What you are asked to do >> Retype each line below precisely and omit all images.

*** Opening Data section ***

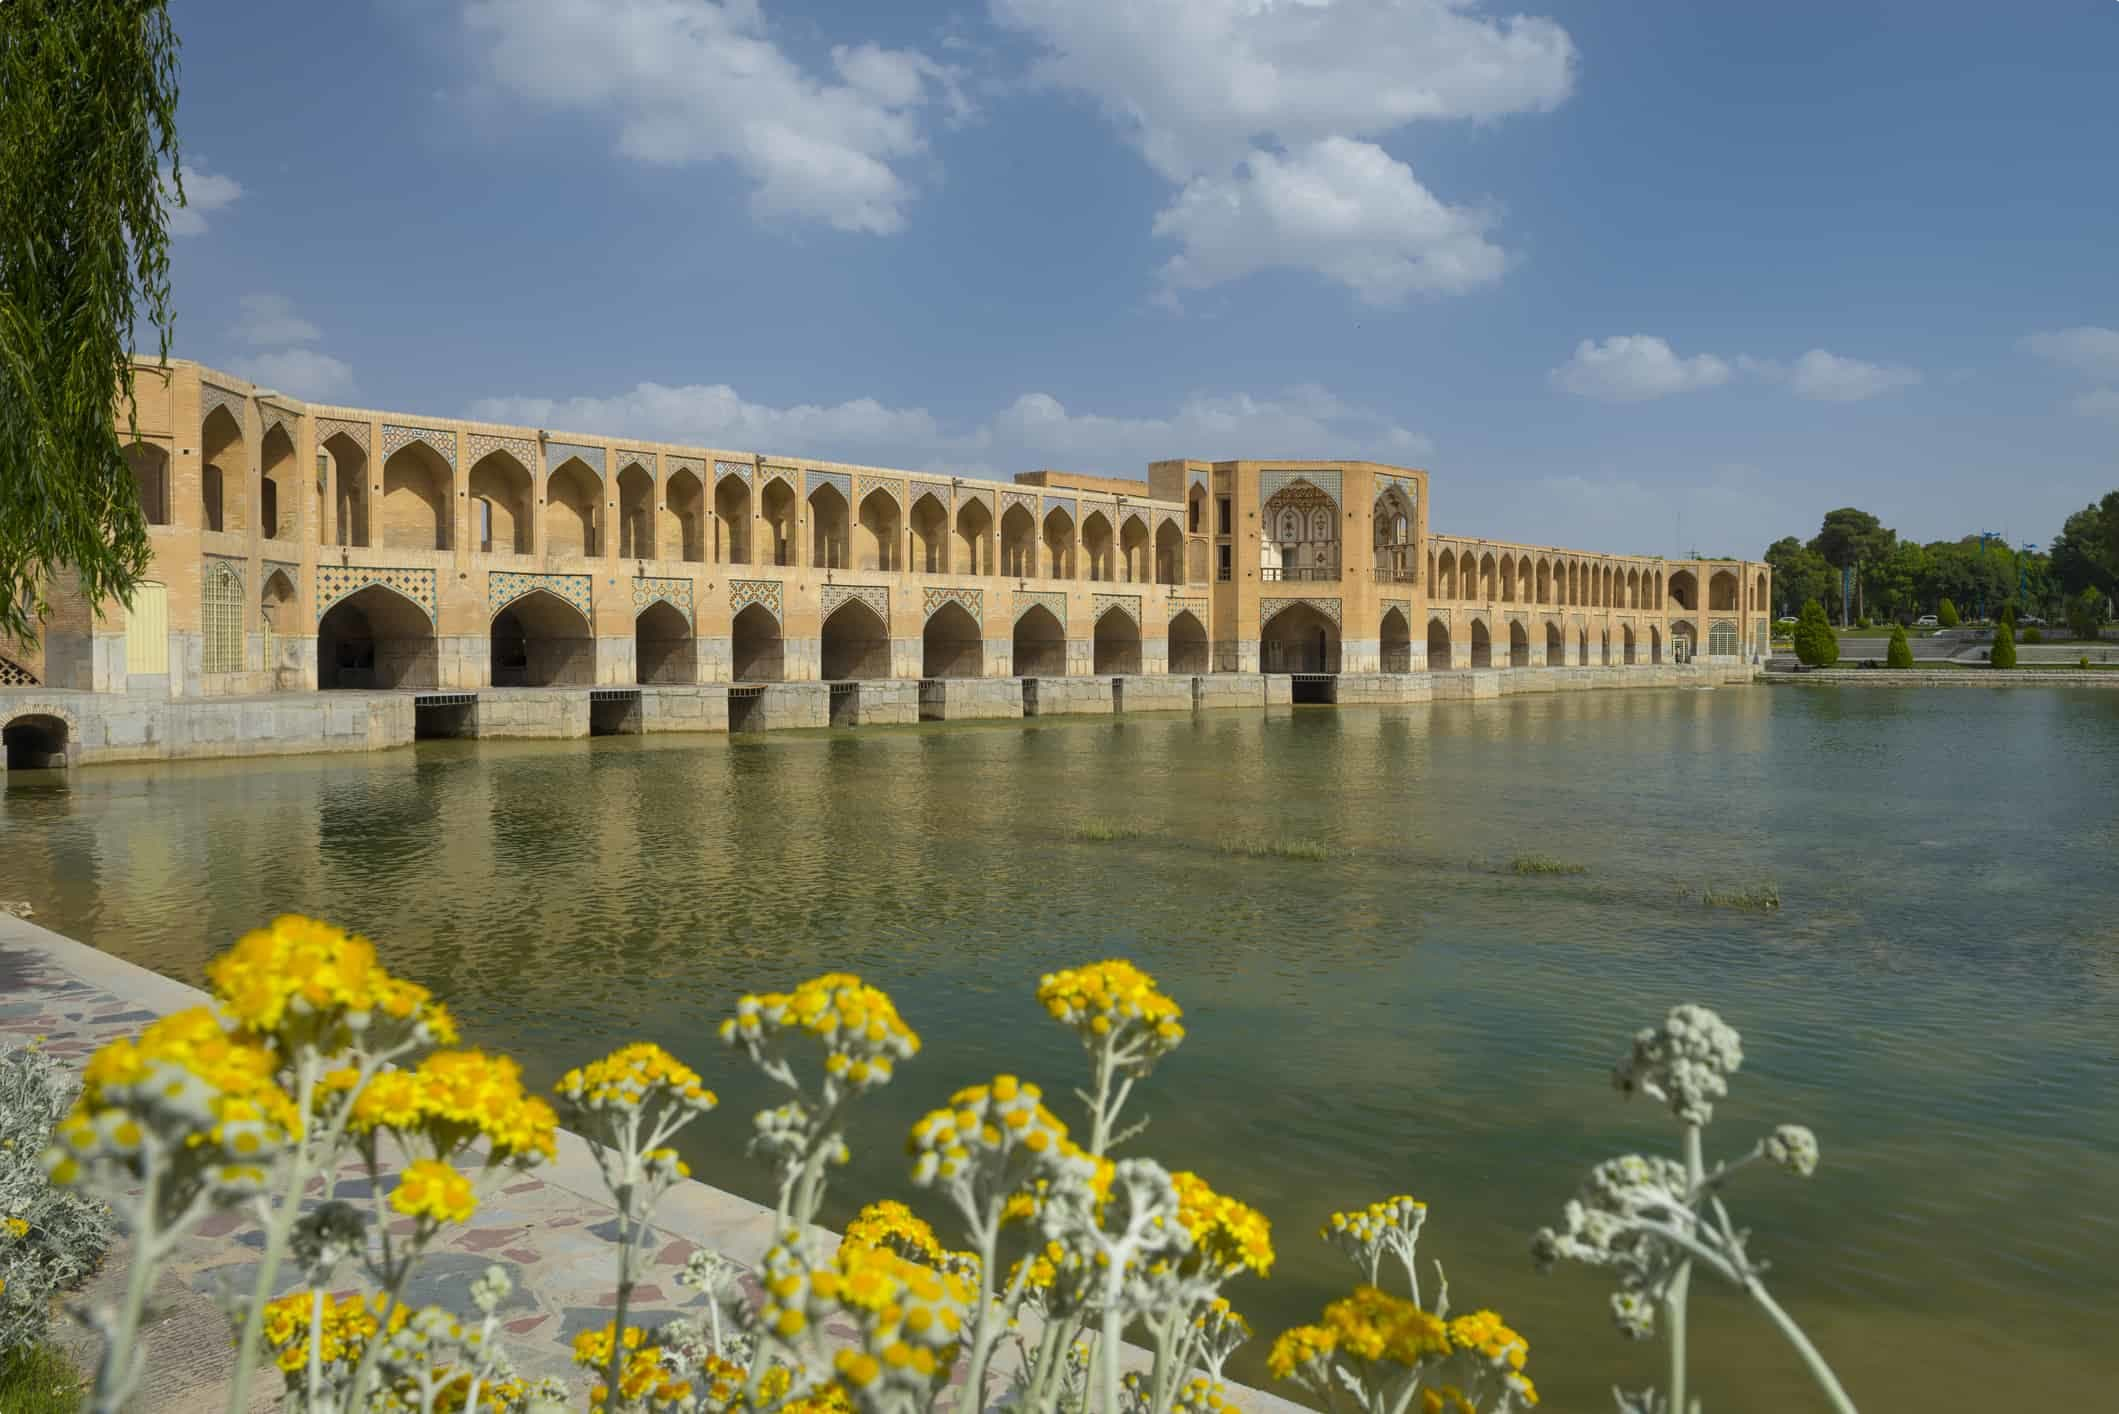 Khaju Bridge in Isfahan, Iran.
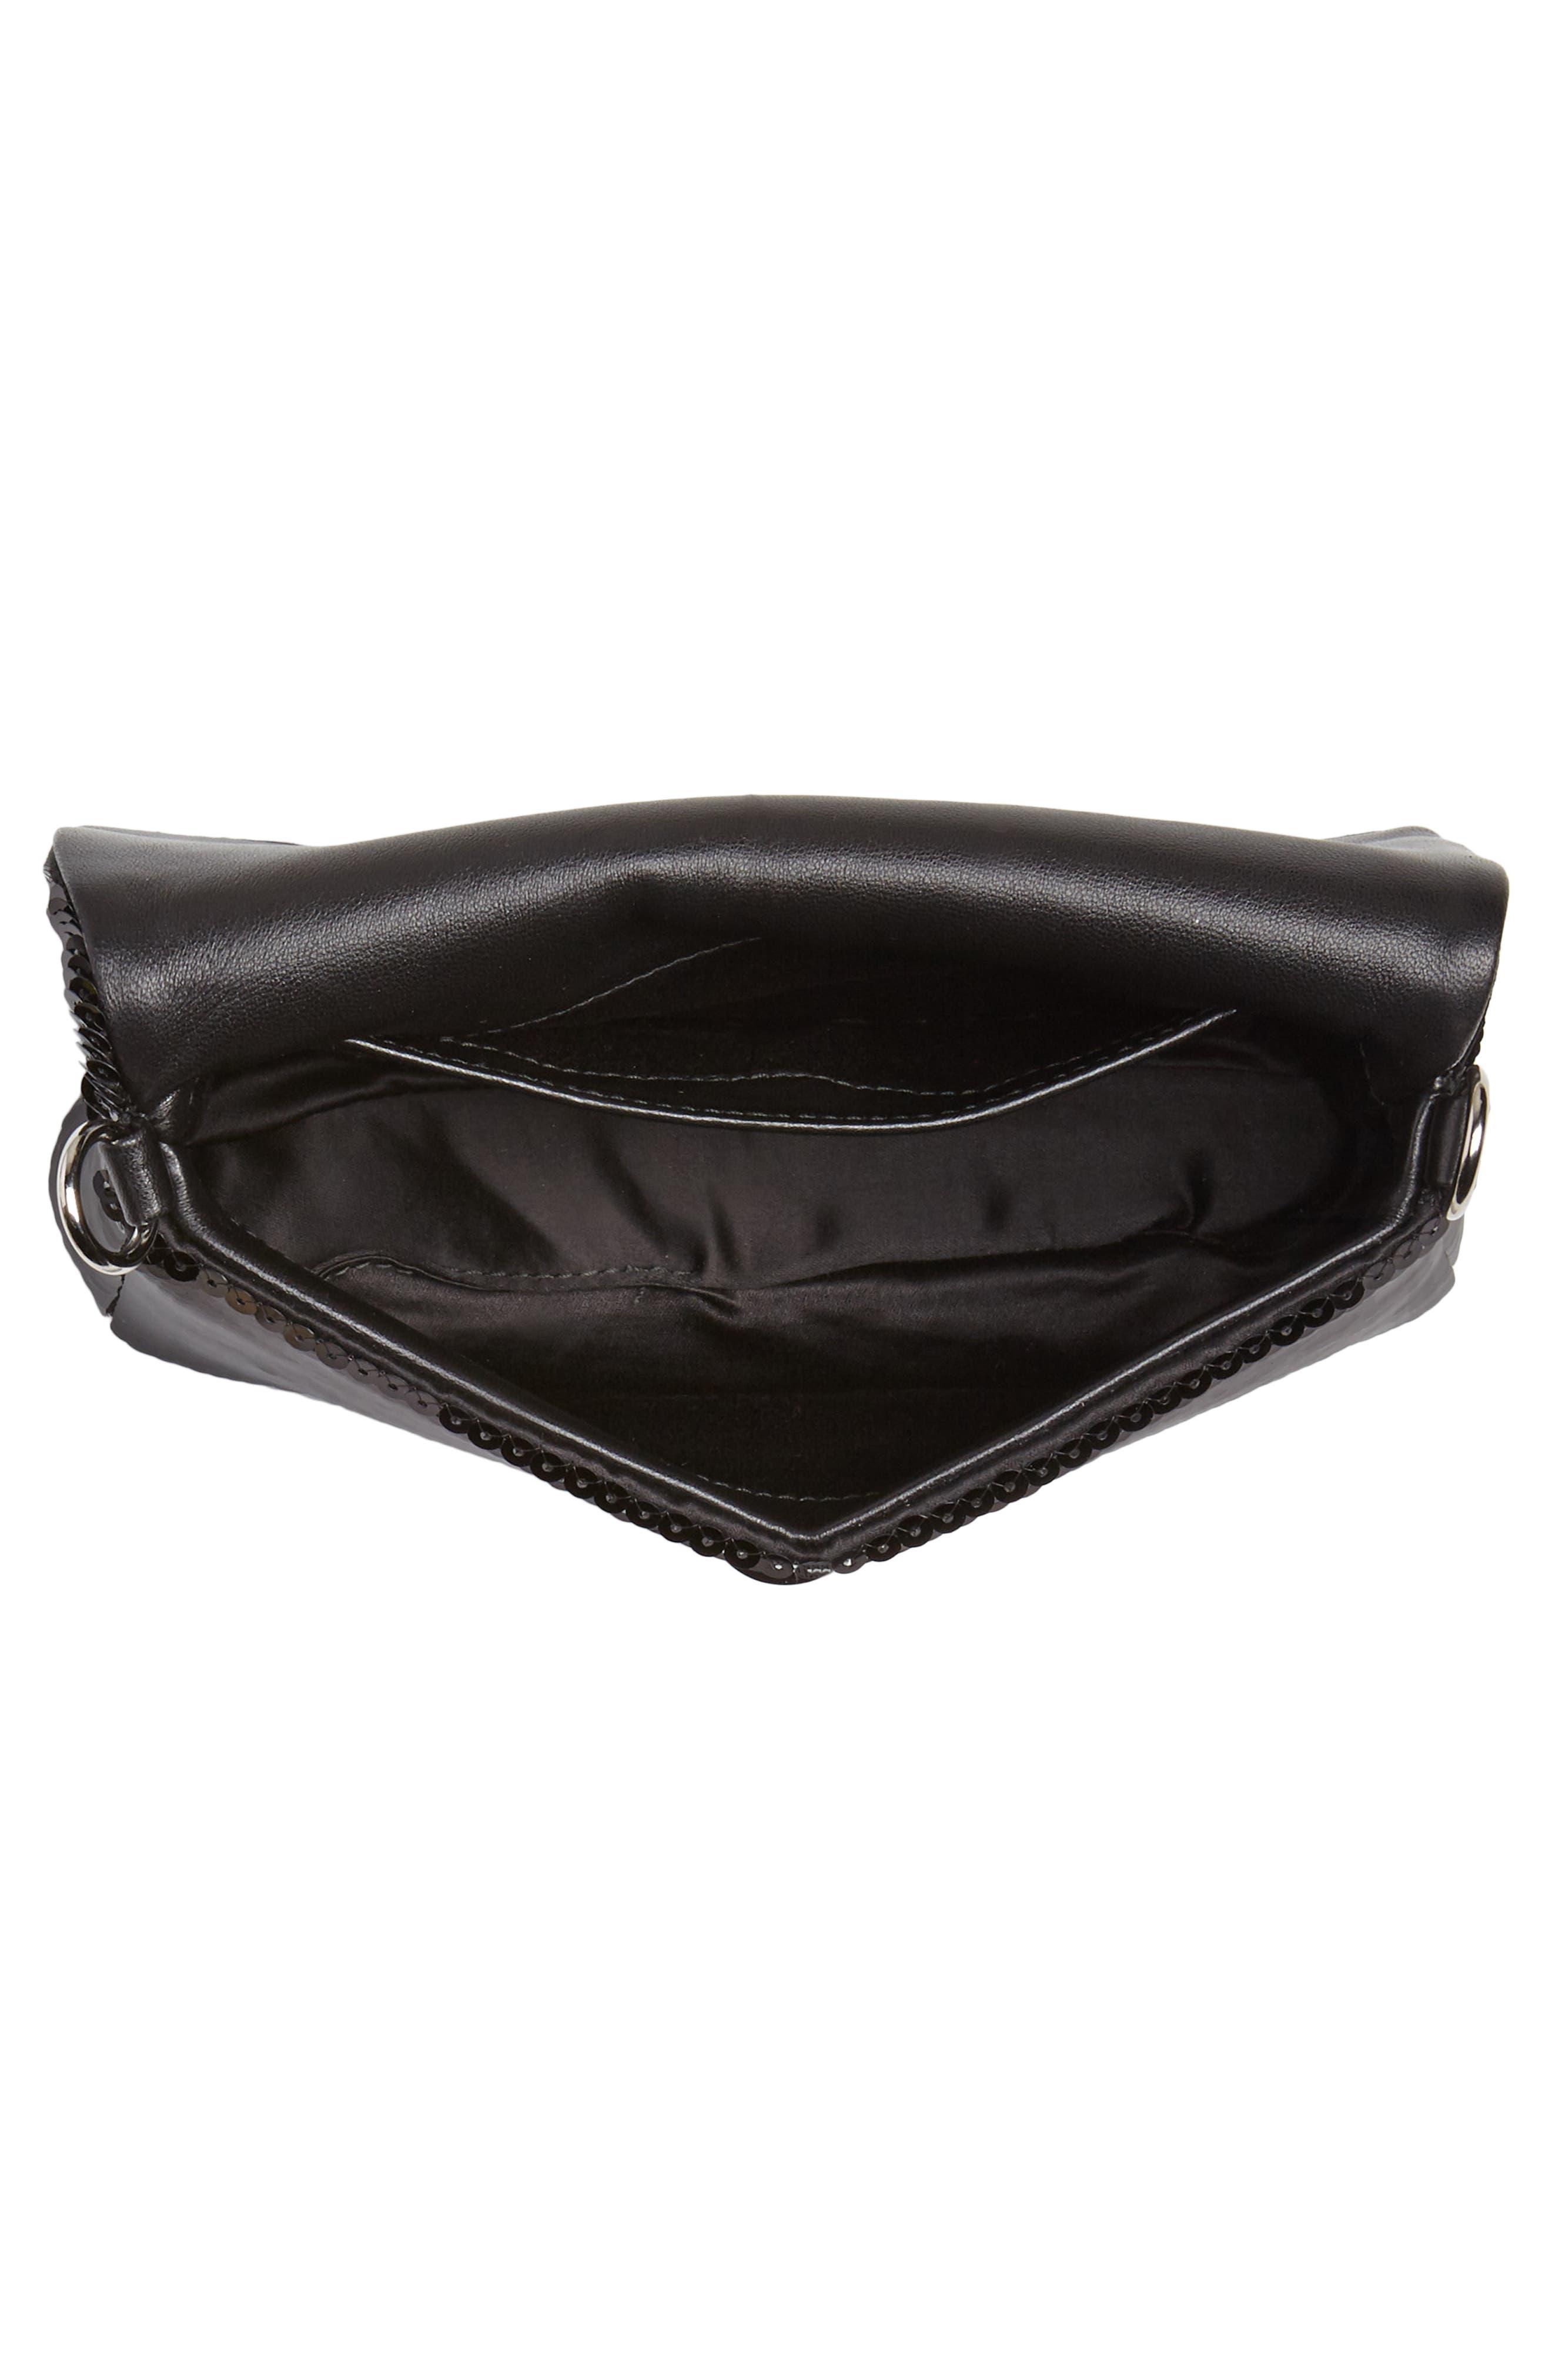 Paillettes Flap Crossbody Bag,                             Alternate thumbnail 5, color,                             NERO
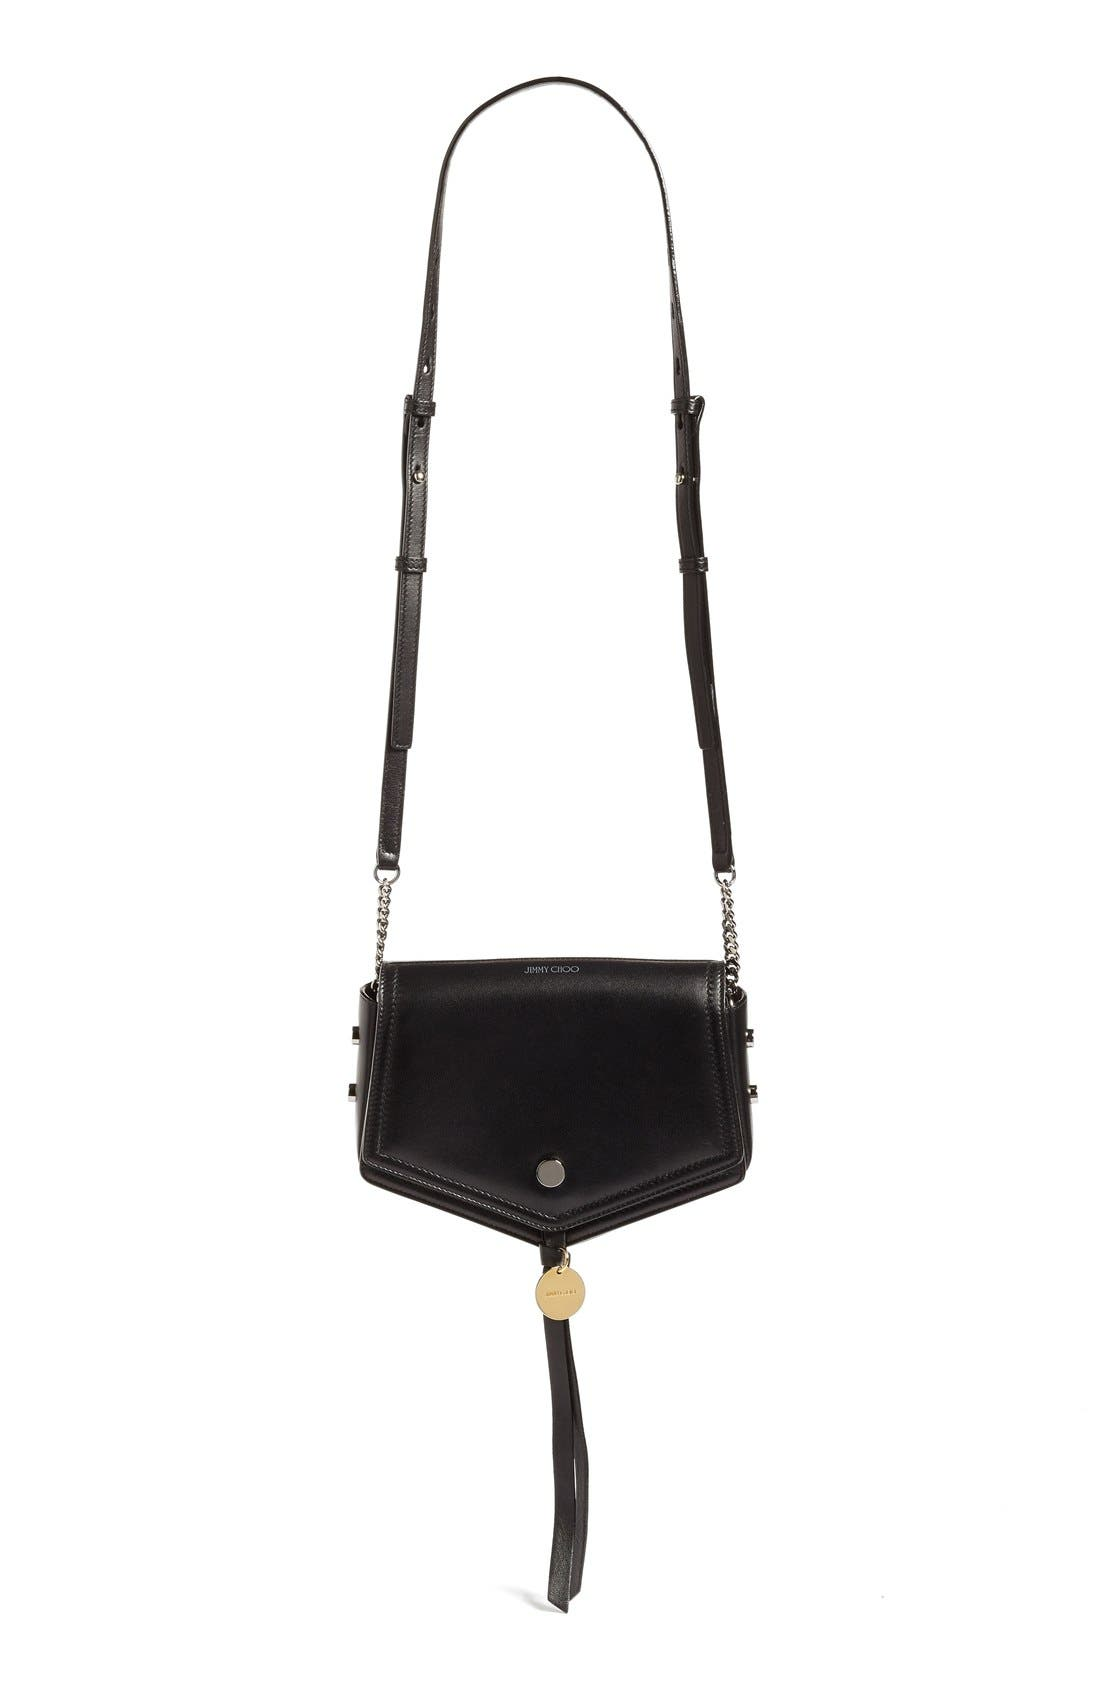 Main Image - Jimmy Choo Arrow Leather Shoulder Bag

*** Closing Data section ***

Final answer >>
 Khaju Bridge in Isfahan, Iran.
 Paillettes Flap Crossbody Bag,                             Alternate thumbnail 5, color,                             NERO
 Main Image - Jimmy Choo Arrow Leather Shoulder Bag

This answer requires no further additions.